Здание было битком набито схваченными людьми. Выходы охранялись и были ограждены колючей проволокой.
В тяжёлых солдатских сапогах я начал быстро взбираться по водосточной трубе. Было слышно, как в неё обрушивается вода с крыши и устремляется вниз в исступлённом желании достичь земли. Шум потока напоминал разлаженную игру пьяных музыкантов. И вот я на крыше, на самом верху, возле широкого кирпичного дымохода.

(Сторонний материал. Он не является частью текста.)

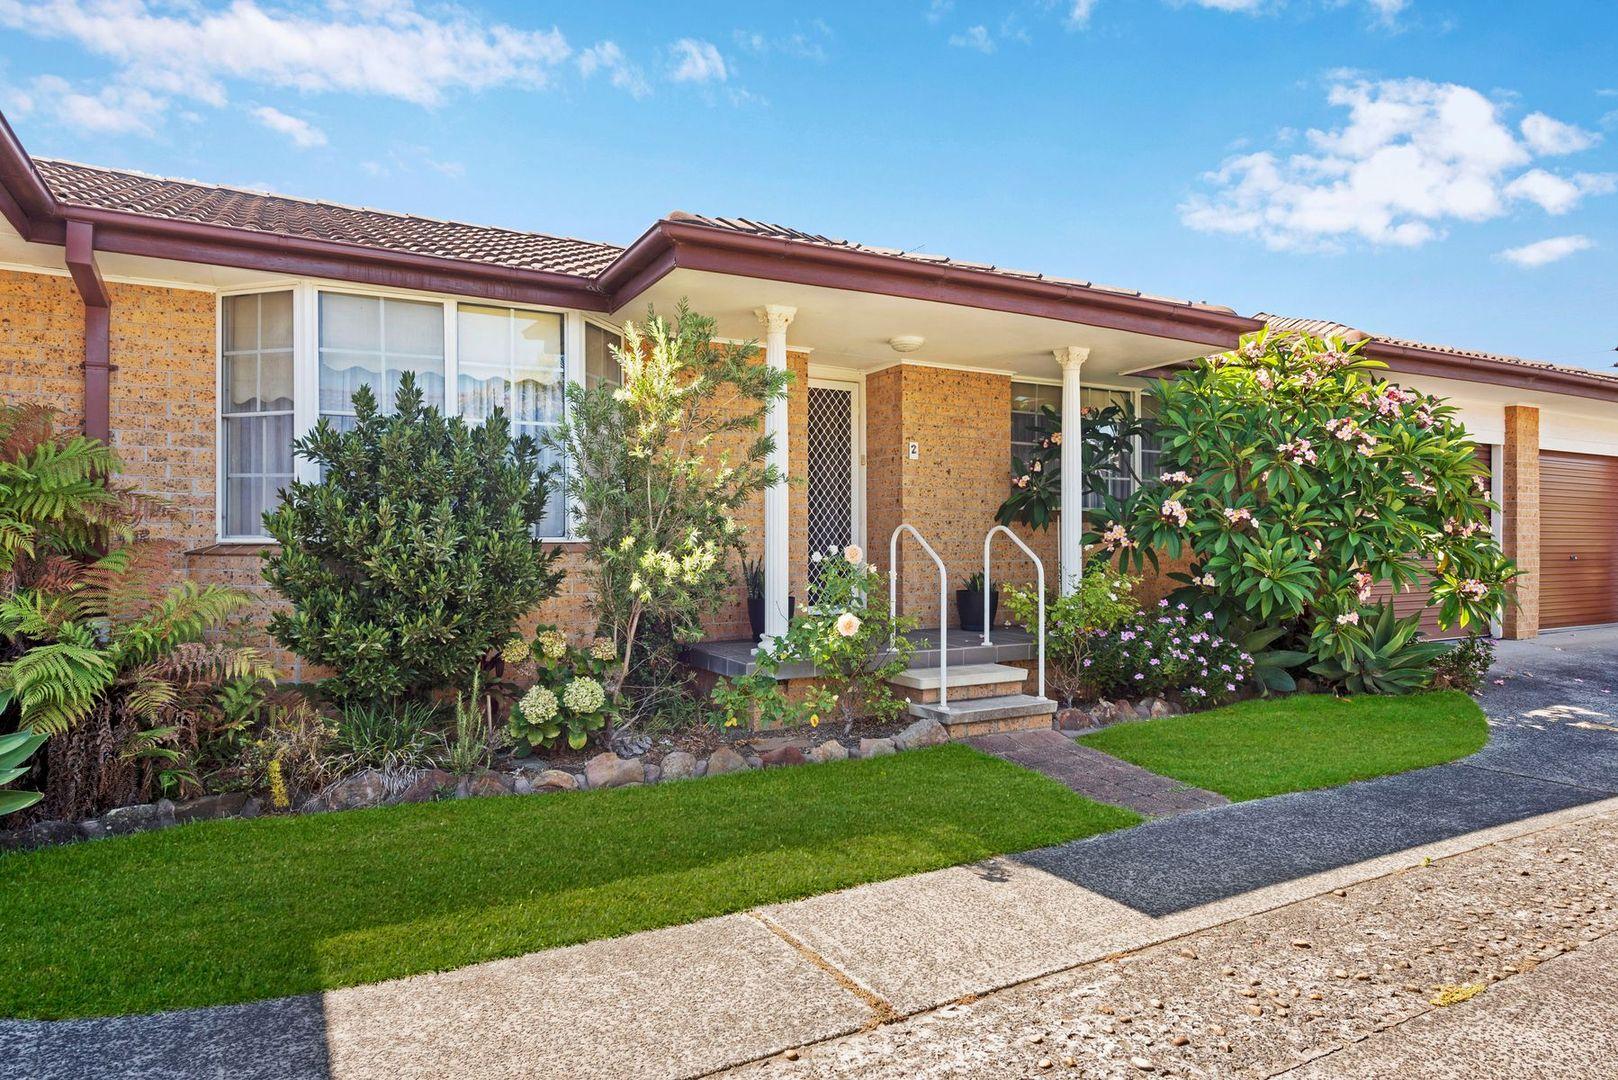 2/54-56 Swadling Street, Long Jetty NSW 2261, Image 1

Почему меня потянуло броситься именно со здания гимназии, а не с какого-нибудь другого, не дай Бог, — вопрос к режиссёру этого спектакля.
Ливень бил и бил себя кривыми кинжалами, и вода шла и шла у него горлом.
Тогда, мой друг, я так сильно переживал своё первое, якобы неудавшееся самоубийство, что уже никого и ничего не боялся, кроме доброты Создателя: вдруг, уйдя из жизни, я воскресну. Я пришёл к странной идее, что так называемая смерть длится целую человеческую жизнь, и стоит человеку угаснуть, как его смерть опять зарождается на свет. Тогда, на крыше, под проливным дождём, мне вспомнилась строка, до сих пор не знаю, из чьего стихотворения:
«Птичьи перья в крови, далеко до гнезда…»
Чем дольше я думал свою думу, тем тоньше воздух просеивал над городом капли дождя. И там, где начинается небо, на его вывернутых плугом комьях загорелись золотистые усатые колосья.
Возле здания выросли фигуры в касках — верные слуги пулемётов.
Я оторвался от дымохода и осторожно подошёл к карнизу: здесь, под ним, идеальное место. Камни мостовой — надёжная гарантия, что я разобьюсь в лепёшку вместе с дремлющими во мне бедами, у которых до сих пор не было сил выпрыгнуть из своего кратера.
В последний раз полной грудью вдыхаю свежий сентябрьский воздух, в котором растворены слабые пряности лета. Мгновение молнией пронзает мою лёгкую, как облако, плоть, и я прыгаю вниз… Нет, сначала вниз прыгает мой взгляд и замечает, что догадался приготовить режиссёр спектакля: мусорный бак!
Я прекрасно знаю, что единственное место, где не умирают или умирают очень редко, это кладбище, и всё равно во мне разливается горькая обида, не столько за себя, сколько за маму: зачем она меня родила? Чтобы я сдох в мусорном баке? Все, кто её тогда поздравлял и желал ей счастья, останутся лжецами. Навечно.
Быстро убедив себя, что бес, который вселился в меня и теперь бурчит у меня в животе, совершенно прав, я потихонечку пополз на четвереньках к фасаду. Здесь, внизу, был вход в классы.
Я ни капельки не выдумываю и не преувеличиваю. Есть те, кто так любит правду, что всегда её преувеличивает, но я не из таких. Можно выдать стекляшку за бриллиант. Но моя правда — чистая правда, и это видно невооружённым глазом.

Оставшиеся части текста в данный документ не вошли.